Your answer should consist of every line in the records that holds "dans".
- Opening Delimiter -
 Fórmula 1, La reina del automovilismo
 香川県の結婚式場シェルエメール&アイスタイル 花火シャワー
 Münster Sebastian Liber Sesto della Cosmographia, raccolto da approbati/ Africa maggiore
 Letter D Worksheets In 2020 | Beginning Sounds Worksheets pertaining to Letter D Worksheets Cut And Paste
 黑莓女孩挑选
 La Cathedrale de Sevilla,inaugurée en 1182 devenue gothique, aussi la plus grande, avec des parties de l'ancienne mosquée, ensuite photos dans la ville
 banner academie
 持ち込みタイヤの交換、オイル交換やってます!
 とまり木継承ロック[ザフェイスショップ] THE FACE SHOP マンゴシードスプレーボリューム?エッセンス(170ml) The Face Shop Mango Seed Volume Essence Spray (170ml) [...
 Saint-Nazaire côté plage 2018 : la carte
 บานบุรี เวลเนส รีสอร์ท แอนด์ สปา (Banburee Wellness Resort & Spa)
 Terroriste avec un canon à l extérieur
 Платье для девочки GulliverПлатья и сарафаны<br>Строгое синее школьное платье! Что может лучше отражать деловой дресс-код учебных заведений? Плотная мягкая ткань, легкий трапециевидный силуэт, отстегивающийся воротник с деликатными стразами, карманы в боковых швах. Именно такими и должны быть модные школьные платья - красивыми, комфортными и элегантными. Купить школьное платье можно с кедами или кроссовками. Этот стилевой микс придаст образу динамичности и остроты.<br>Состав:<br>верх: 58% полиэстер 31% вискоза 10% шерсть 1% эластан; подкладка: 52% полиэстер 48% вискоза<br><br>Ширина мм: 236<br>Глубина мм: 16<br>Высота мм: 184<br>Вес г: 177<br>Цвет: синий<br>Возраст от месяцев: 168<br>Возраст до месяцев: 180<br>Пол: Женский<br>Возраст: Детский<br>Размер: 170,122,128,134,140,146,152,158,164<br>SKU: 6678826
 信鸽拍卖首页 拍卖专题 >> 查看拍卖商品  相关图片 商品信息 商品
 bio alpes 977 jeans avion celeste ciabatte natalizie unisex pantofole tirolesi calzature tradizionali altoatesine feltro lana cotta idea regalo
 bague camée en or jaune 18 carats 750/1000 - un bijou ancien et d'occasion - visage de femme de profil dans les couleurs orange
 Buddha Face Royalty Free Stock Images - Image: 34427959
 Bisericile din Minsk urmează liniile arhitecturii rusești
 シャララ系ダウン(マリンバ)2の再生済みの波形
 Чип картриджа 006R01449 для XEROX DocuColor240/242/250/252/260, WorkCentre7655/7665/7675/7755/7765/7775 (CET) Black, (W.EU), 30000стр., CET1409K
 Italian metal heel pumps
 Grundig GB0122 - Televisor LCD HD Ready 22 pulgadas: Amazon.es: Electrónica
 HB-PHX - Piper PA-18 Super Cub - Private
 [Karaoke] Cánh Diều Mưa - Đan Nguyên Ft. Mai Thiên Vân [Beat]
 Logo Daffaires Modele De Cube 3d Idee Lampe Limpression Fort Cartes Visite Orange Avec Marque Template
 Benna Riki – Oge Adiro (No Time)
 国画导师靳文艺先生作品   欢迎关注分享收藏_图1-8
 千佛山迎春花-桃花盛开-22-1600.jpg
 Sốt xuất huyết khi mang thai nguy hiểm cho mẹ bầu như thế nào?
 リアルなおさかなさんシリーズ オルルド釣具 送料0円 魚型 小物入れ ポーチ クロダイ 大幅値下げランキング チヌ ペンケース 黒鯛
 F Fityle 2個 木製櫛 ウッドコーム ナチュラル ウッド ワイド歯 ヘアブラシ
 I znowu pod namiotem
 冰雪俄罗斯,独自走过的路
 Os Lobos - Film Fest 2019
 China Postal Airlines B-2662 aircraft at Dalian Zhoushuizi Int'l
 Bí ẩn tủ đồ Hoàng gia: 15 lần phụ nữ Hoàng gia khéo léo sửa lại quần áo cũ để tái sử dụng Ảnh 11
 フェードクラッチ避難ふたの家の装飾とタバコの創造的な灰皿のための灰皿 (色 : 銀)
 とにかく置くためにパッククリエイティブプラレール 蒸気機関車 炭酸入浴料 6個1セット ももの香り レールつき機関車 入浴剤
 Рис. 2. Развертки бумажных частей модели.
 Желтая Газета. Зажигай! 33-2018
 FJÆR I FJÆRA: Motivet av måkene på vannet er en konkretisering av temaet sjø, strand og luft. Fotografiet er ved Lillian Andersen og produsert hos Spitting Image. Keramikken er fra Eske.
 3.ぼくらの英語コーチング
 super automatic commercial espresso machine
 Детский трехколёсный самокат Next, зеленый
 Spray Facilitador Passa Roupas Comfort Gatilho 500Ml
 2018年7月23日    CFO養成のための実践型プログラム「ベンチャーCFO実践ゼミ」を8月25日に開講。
- Closing Delimiter -
Output for this exercise:
 La Cathedrale de Sevilla,inaugurée en 1182 devenue gothique, aussi la plus grande, avec des parties de l'ancienne mosquée, ensuite photos dans la ville
 bague camée en or jaune 18 carats 750/1000 - un bijou ancien et d'occasion - visage de femme de profil dans les couleurs orange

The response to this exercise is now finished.